The New Democrat Superhero: Weinerman!

Here’s the latest in kids’ superhero costumes for Halloween: Weinerman! Belt accessories include a cell phone with optional prophylactic cover for safe sexting.

Weiner

Last week began disastrously for Weiner with the Breitbart disclosures and groveling apology on Monday, yet appeared to have ended on a positive note just in time for the Sunday talk shows. Starting Thursday night, Chris Matthews labeled Weiner critics “backwards Christian conservatives”, and then on Friday came the Make-Believe Media’s PR blitz of no fewer than three upbeat articles affirming that Weiner’s constituents supported him, that history supported him, and that Democrat leadership supported him.

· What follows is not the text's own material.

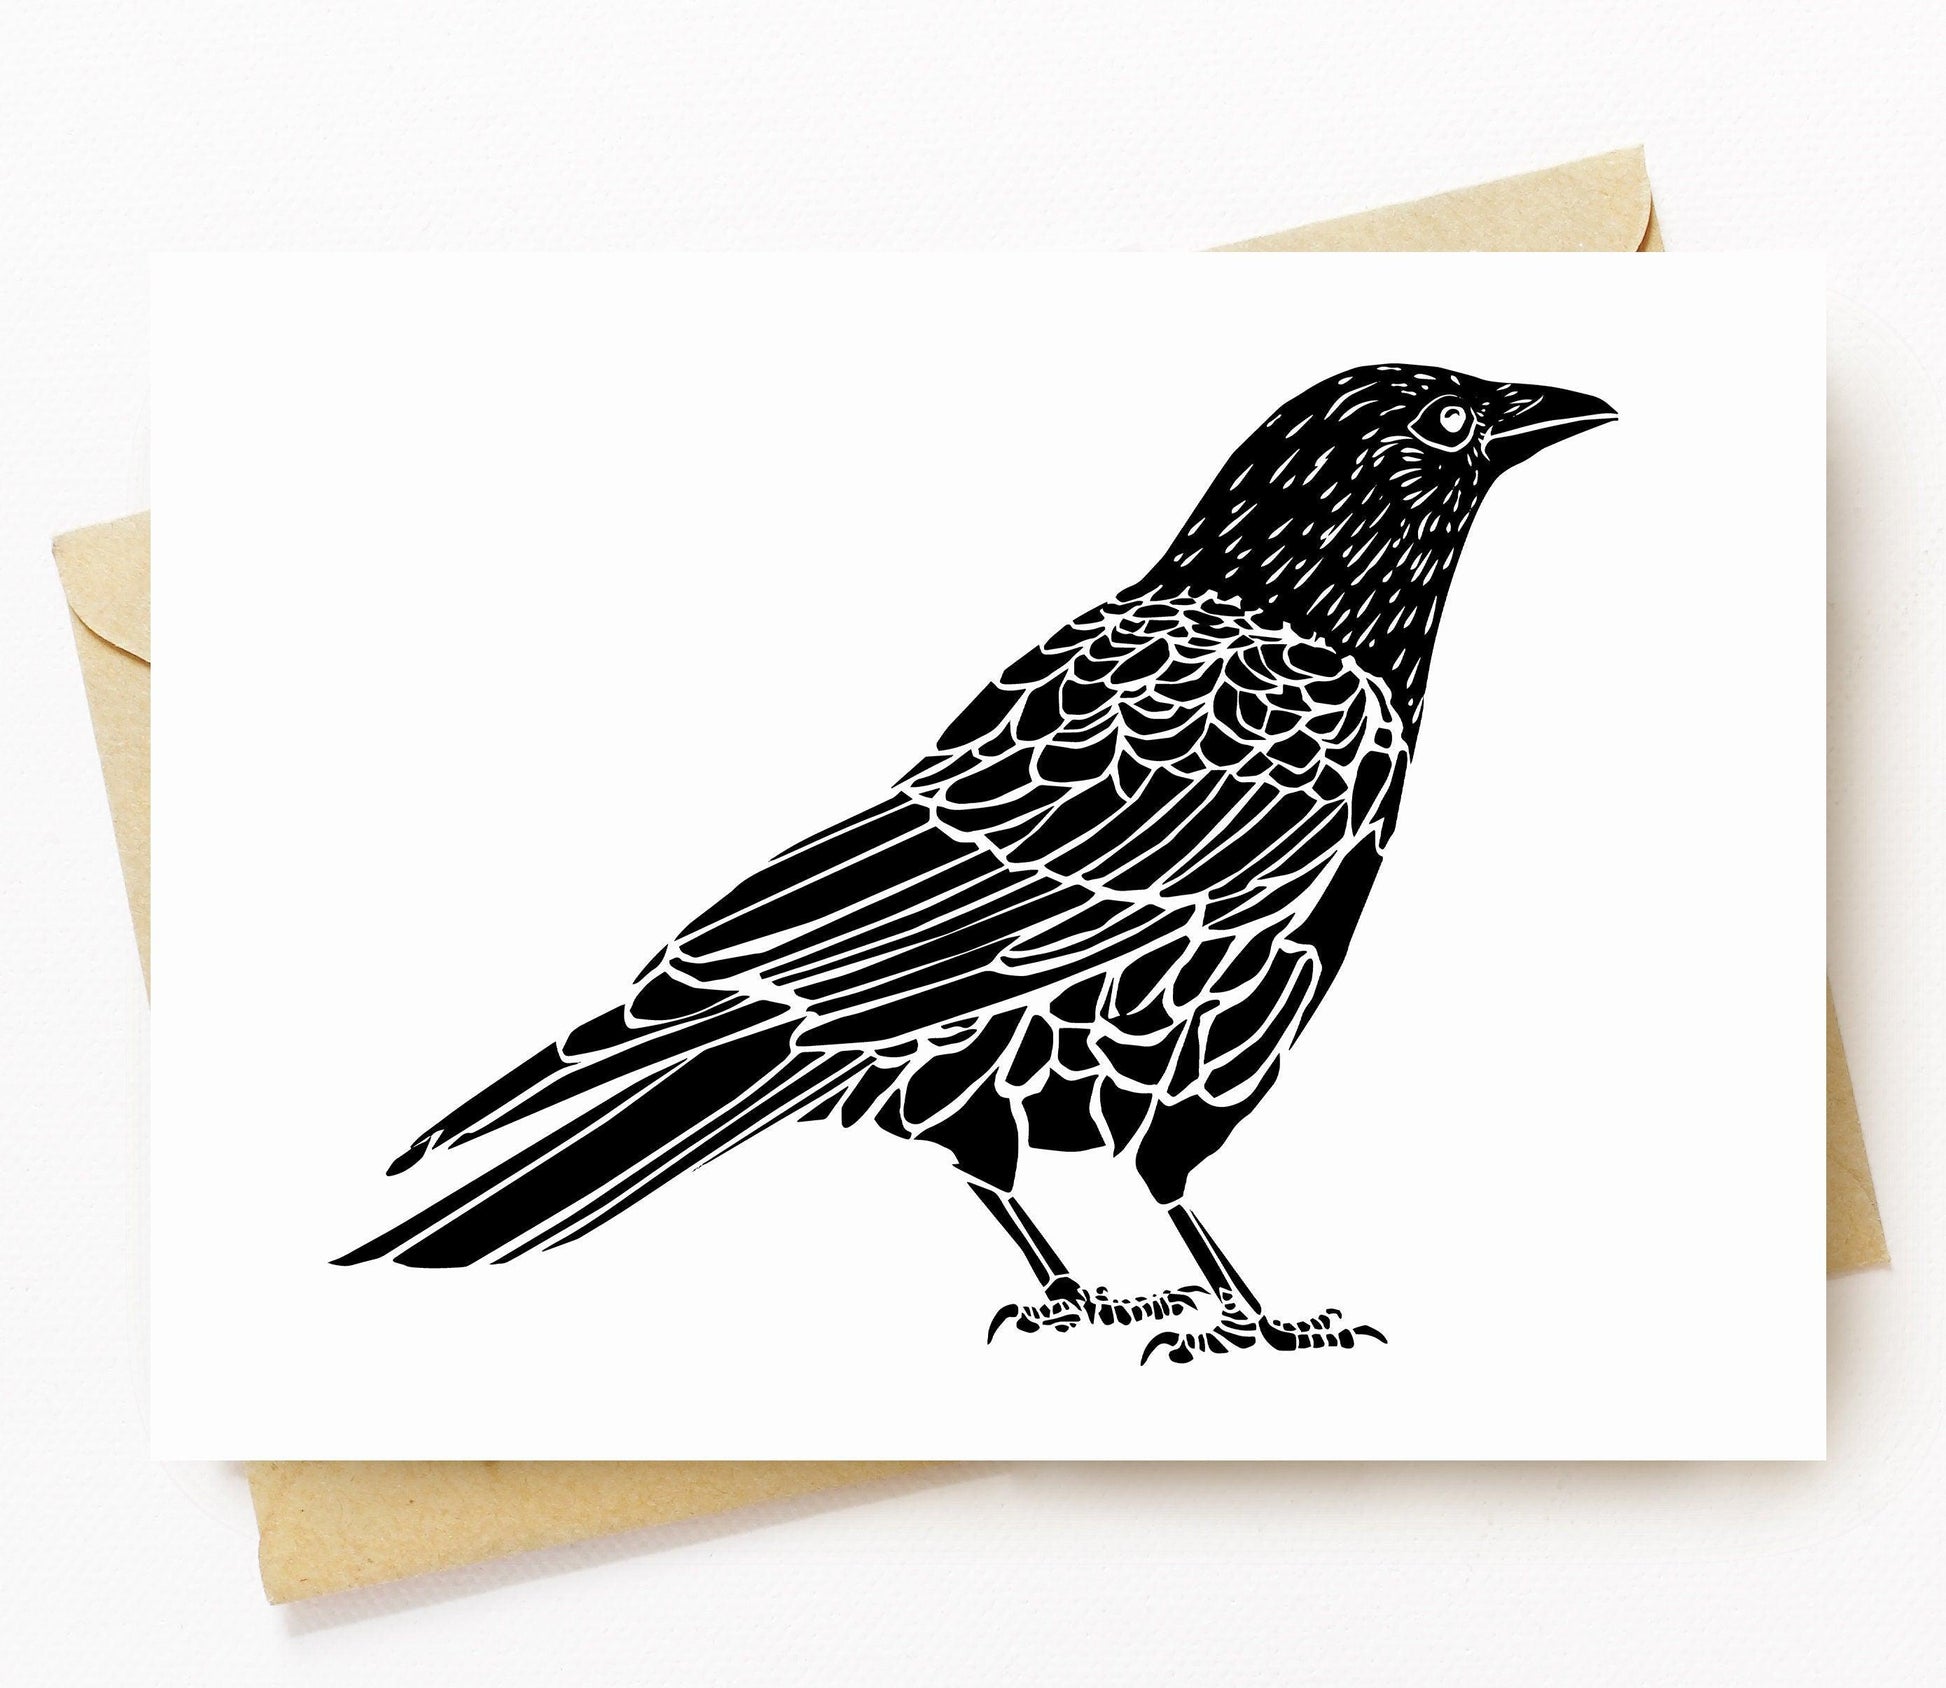 BellavanceInk: Greeting Card With Crow Wood Cut Style Illustration 5 x 7 Inches - BellavanceInk

But then the story broke of an underage Weiner correspondent – a 17 year old girl. Oh my, what a difference a year makes. And what an embarrassment to CNN’s sanctimonious scolding of Andrew Breitbart for earlier suggesting such a possibility. The underage girl, who referred to Weiner as “my true love”in a message, was told by Weiner “I came back strong. Large. Tights and cape.” This superhero imagery surfaced in an email with yet another woman who asked Weiner if he was “busy saving my country from this f****** tea baggers”, to which he replied, “Yep. Cape. Tights. Looking for my sidekick.” He apparently even has his very own fortress of solitude: the congressional gym complete with requisite mirrors for self-portrait snapshots.

Thus was born Weinerman, the liberal superhero in tights and cape battling villainous “teabaggers” in his neverending fight against truth, justice and the American Way.

But alas, kryptonite appeared in the form of a 17 year old. And even sidekick Charlie Rangel could not save Weinerman by announcing a new standard of behavior for Democrat politicians, “He wasn’t going out with little boys.” Holy scandal, Weinerman!

But enough being enough, Democrat minority leader Nancy Pelosi and DNC chair Debbie Wasserman Schultz reversed themselves and now call for his resignation. And in one last-ditch effort to hold onto his Congressional seat, Weiner has announced a leave of absence to seek sex counseling. Shrinking the Weiner, no doubt at taxpayer expense, may be his last desperate grab at holding onto power and saving his Congressional seat.